CRANIOSYNOSTOSIS is a congenital anomaly in which cranial sutures close prematurely and/or abnormally. Left uncorrected, craniosynostosis will lead to increased intracranial pressure and compression of the brain leading to seizures, developmental delay, and abnormal appearance. Therefore, surgical correction is recommended and delay of surgery to an older age is discouraged. Infants with craniosynostosis usually present for surgical repair between the ages of 4 and 9 months. Rarely, neonatal craniosynostosis, as in this patient, will be seen.

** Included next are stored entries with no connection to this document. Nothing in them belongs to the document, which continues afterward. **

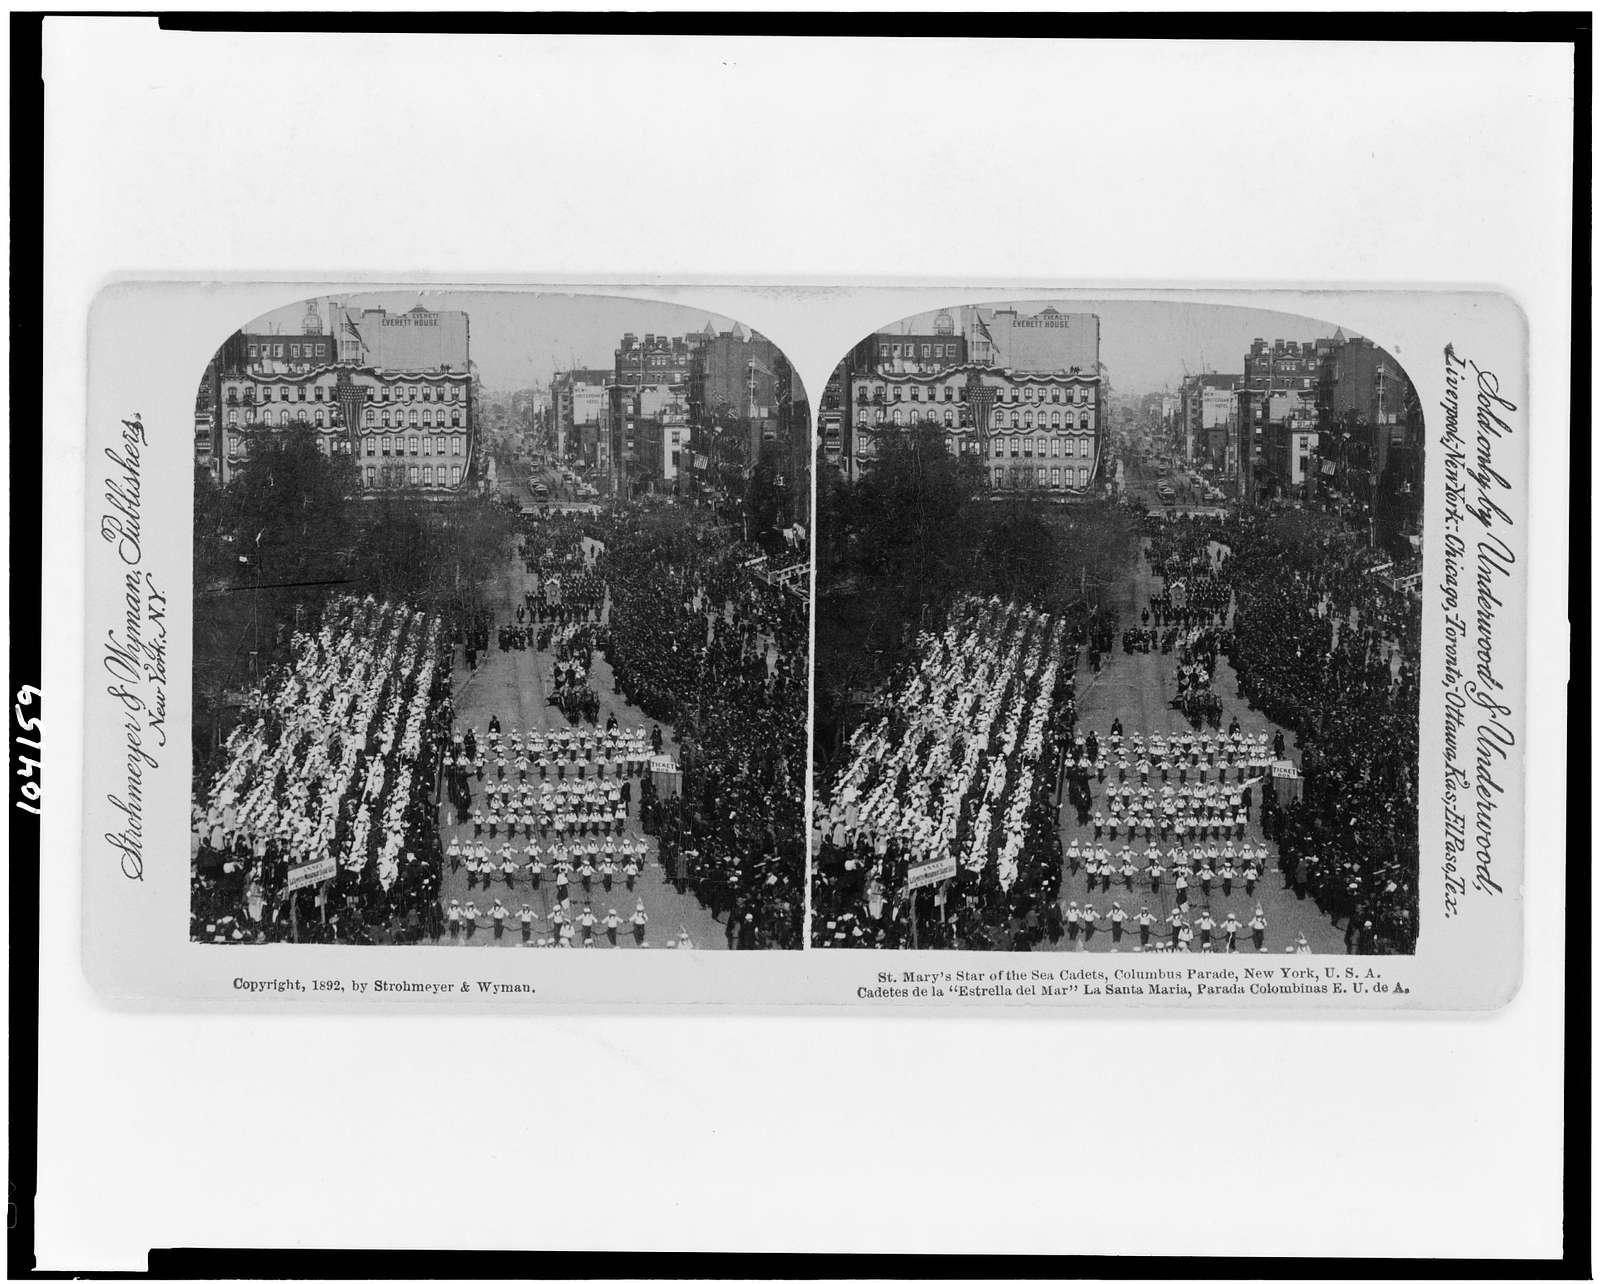 """St. Mary's Star of the Sea Cadets, Columbus Parade, New York, U.S.A. Cadetes de la """"estrella del war"""" La Santa Maria, Parada Colombinas E.U. de A."""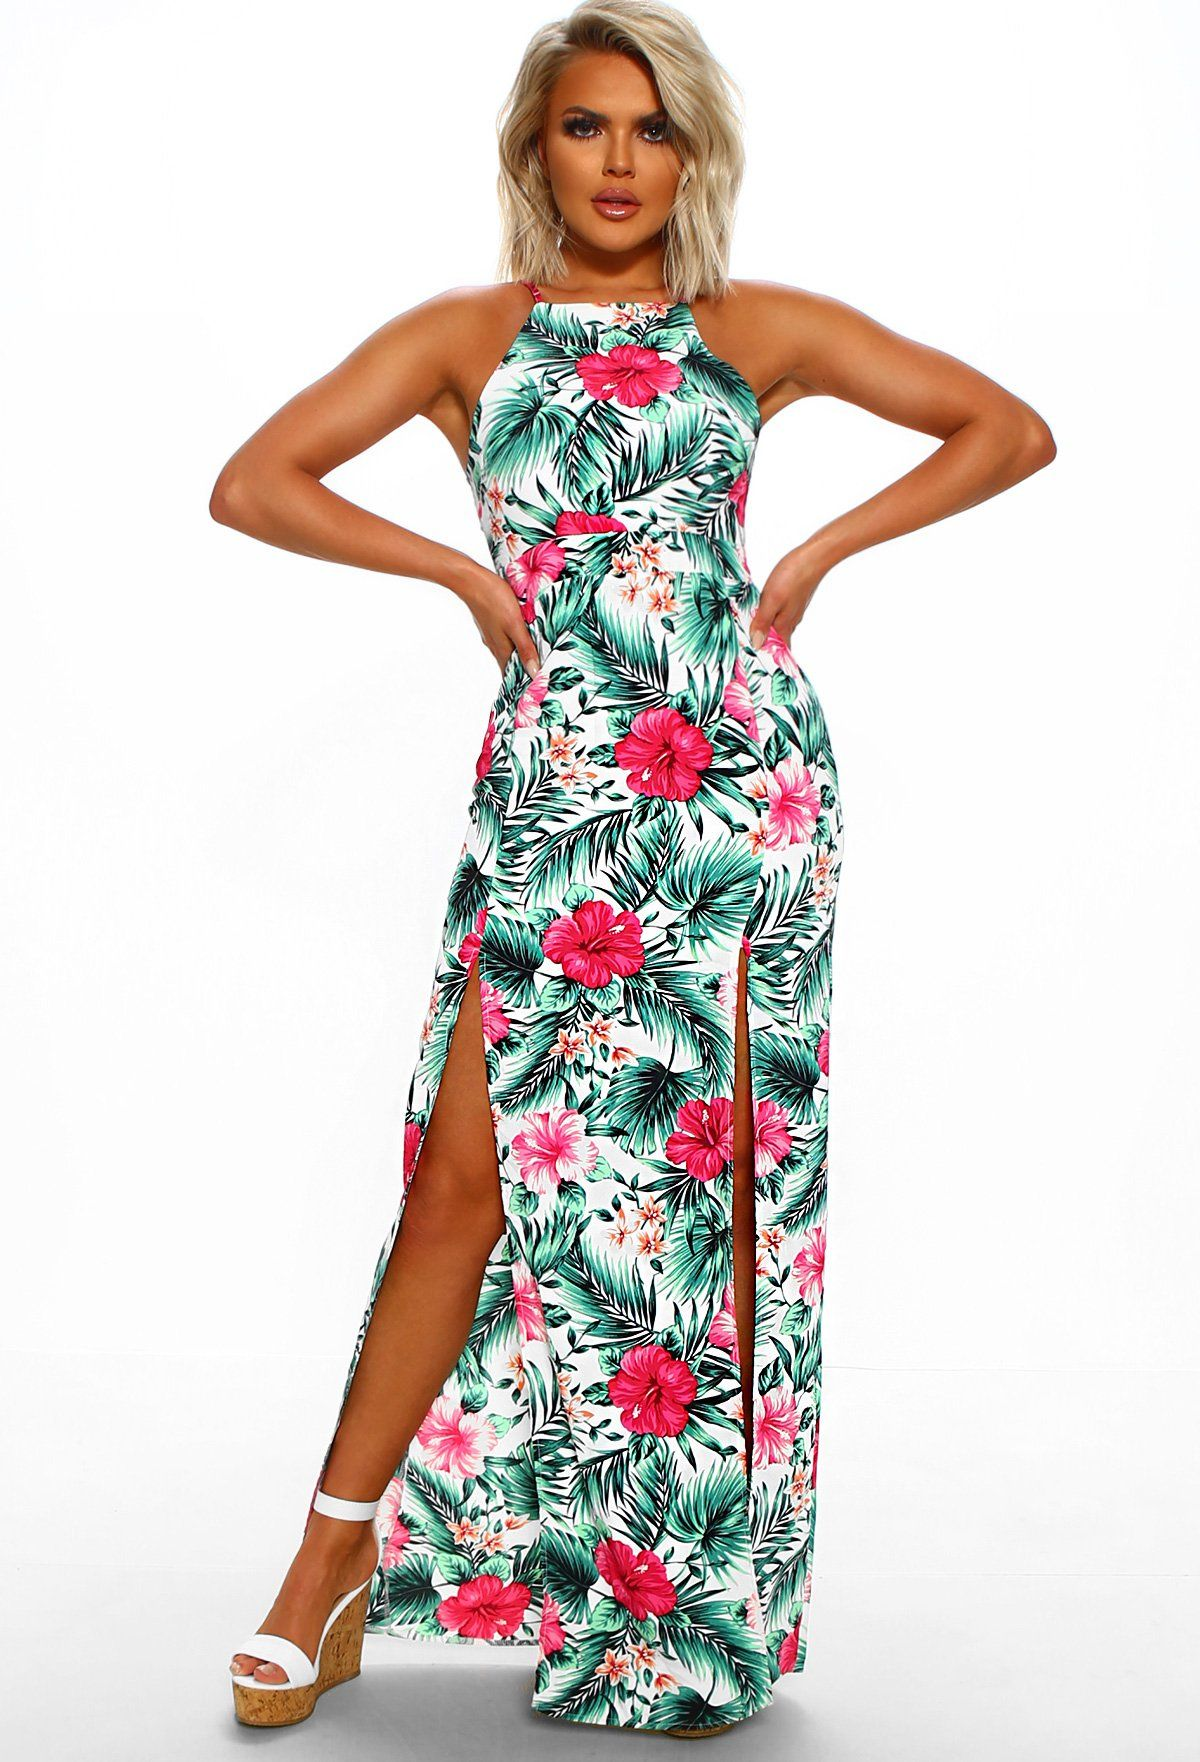 Caribbean Island White Tropical Print Maxi Dress Tropical Print Maxi Dress Maxi Dress Printed Maxi Dress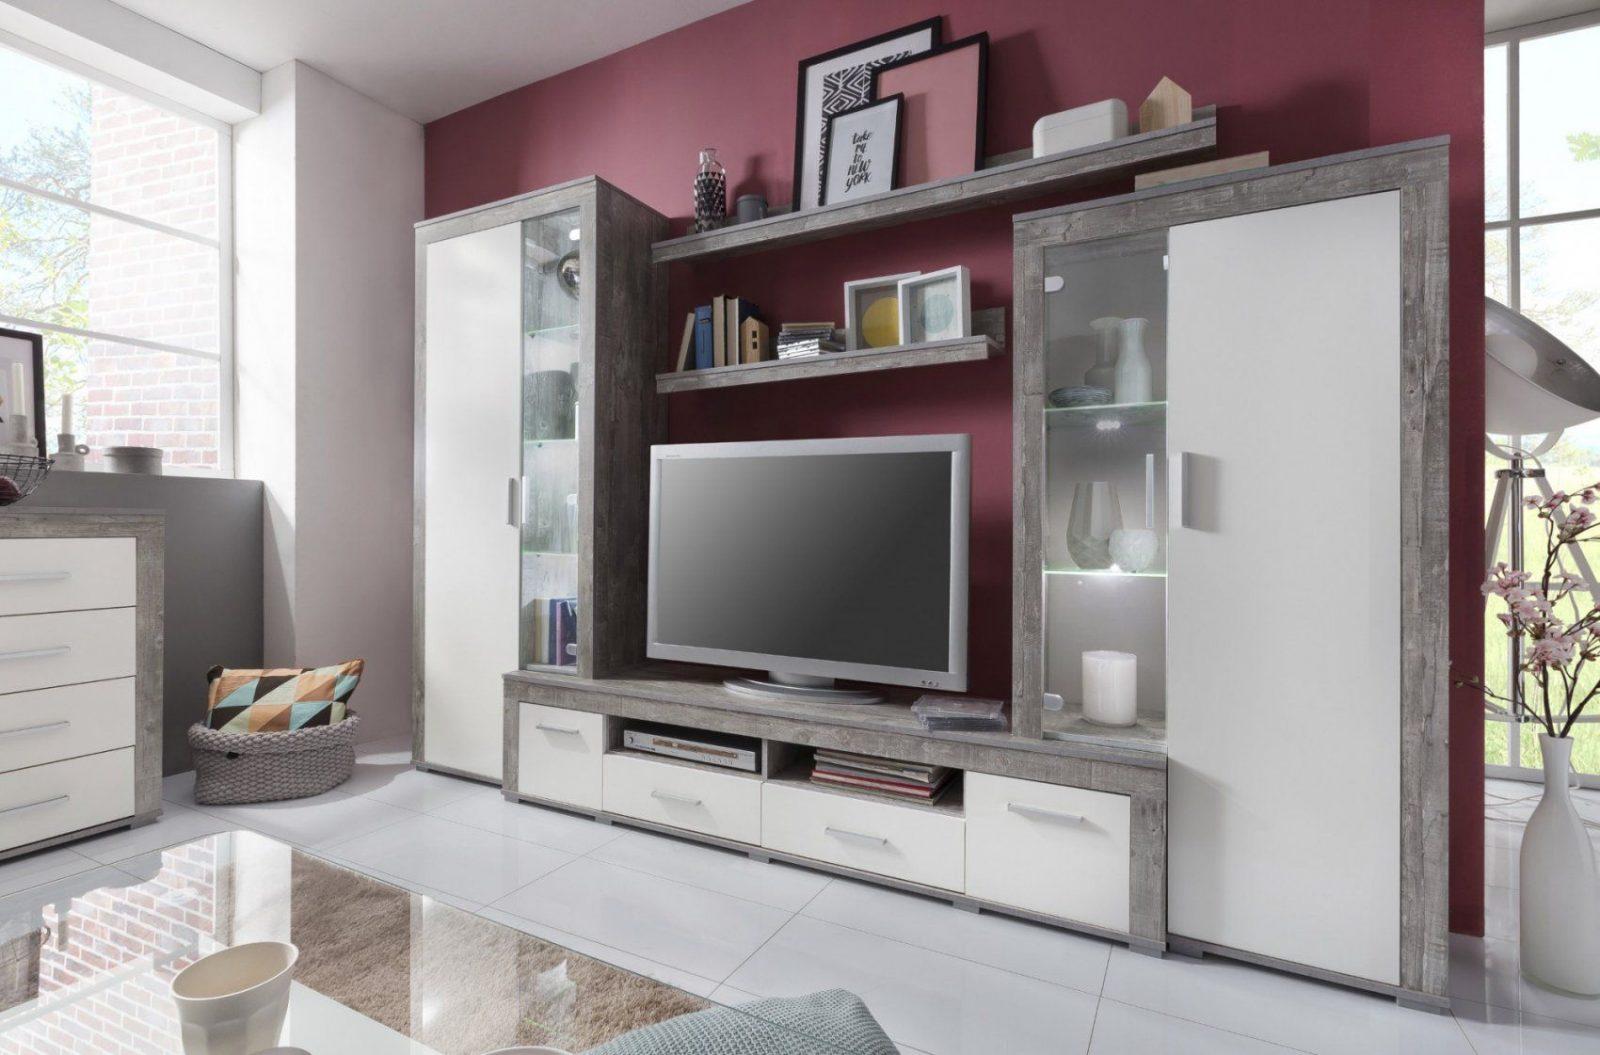 Wohnwand Cm Breit Pic  Schlafzimmer Wandfarbe Konzeption von Wohnwand 220 Cm Breit Bild

Infants with craniosynostosis present challenges to the anesthesiologists in airway management, blood transfusion, and coagulation therapy.1,2Because of the abnormal head shape in these infants, positioning for intubation must be done carefully. For surgery done in first 4 months of life, the physiologic nadir of hemoglobin often coincides with the surgery, leading to increased need for intraoperative transfusion. In this case, the infant had surgery earlier than usual, increasing the risk of transfusion and need for postoperative intensive care.3The early timing of the surgery (patient was 5 weeks old and weighed 4 kg) was due to the evidence of impingement of brain growth seen in the image.
With premature closure of some of the cranial sutures, the growing brain and cranial contents bulge open other sutures and cause a misshapen head as can be seen with three-dimensional computed tomography scan (done at 3 days of life). Because of the prenatal and premature suture closures including the metopic and sagittal sutures, the growing brain in this confined skull causes forces resulting in enlarged squamousal sutures. In rare cases, the meninges are pushed into the skull, causing the lattice appearance on computed tomography scan.